> **Input material**
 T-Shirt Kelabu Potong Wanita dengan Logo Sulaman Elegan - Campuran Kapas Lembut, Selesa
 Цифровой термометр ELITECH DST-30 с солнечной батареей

---

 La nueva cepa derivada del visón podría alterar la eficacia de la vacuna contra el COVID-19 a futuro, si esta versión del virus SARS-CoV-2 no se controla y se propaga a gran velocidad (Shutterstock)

* * *

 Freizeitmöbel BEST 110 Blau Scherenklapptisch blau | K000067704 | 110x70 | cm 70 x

> **Your objective**
Find the line with "T-Shirt Kelabu Potong" in the material above. Reproduce it and each line after it up to and including the line with "Цифровой термометр ELITECH".

> **Result**
 T-Shirt Kelabu Potong Wanita dengan Logo Sulaman Elegan - Campuran Kapas Lembut, Selesa
 Цифровой термометр ELITECH DST-30 с солнечной батареей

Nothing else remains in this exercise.